Among these entries, count the lines containing the word "Cotton" and answer with only the number.

--- --- ---

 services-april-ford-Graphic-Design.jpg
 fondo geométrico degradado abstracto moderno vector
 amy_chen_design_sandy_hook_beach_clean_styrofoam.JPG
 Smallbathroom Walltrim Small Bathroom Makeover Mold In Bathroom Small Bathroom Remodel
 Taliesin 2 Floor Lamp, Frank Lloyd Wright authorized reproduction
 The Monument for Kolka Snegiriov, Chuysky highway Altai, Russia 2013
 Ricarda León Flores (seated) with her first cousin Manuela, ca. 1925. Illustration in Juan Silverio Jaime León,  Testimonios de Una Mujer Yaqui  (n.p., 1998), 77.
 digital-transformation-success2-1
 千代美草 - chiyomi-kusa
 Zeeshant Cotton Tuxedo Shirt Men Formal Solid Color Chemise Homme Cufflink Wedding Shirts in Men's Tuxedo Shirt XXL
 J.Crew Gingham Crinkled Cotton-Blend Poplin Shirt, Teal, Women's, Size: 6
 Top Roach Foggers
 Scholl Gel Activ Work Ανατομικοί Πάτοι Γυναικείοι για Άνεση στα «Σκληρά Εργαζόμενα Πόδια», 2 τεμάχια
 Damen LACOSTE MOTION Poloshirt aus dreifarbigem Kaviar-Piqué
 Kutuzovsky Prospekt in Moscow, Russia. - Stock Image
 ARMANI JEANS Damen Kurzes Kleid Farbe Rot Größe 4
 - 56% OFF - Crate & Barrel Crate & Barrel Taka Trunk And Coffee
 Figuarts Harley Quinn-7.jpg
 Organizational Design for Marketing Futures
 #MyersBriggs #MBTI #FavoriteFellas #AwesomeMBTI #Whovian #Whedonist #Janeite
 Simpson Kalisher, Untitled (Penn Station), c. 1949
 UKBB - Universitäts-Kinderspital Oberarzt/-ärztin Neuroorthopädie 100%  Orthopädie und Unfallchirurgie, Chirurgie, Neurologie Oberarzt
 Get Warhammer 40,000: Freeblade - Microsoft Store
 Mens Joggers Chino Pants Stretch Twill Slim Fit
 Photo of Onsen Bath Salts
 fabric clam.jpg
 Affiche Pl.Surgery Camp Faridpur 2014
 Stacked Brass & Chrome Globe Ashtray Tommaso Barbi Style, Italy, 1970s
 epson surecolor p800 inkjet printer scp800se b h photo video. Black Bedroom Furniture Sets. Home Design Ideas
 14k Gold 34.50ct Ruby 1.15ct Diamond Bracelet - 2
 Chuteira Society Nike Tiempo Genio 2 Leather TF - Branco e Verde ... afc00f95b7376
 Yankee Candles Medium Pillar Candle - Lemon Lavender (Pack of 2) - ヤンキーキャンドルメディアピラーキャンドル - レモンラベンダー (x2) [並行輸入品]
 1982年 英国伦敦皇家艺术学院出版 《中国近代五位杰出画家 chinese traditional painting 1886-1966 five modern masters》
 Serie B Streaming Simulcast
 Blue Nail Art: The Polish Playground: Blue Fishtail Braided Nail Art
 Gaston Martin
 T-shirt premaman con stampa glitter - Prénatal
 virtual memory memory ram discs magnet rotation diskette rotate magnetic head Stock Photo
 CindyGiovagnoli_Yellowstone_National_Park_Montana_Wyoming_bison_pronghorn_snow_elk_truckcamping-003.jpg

--- --- ---

> Task solution: 2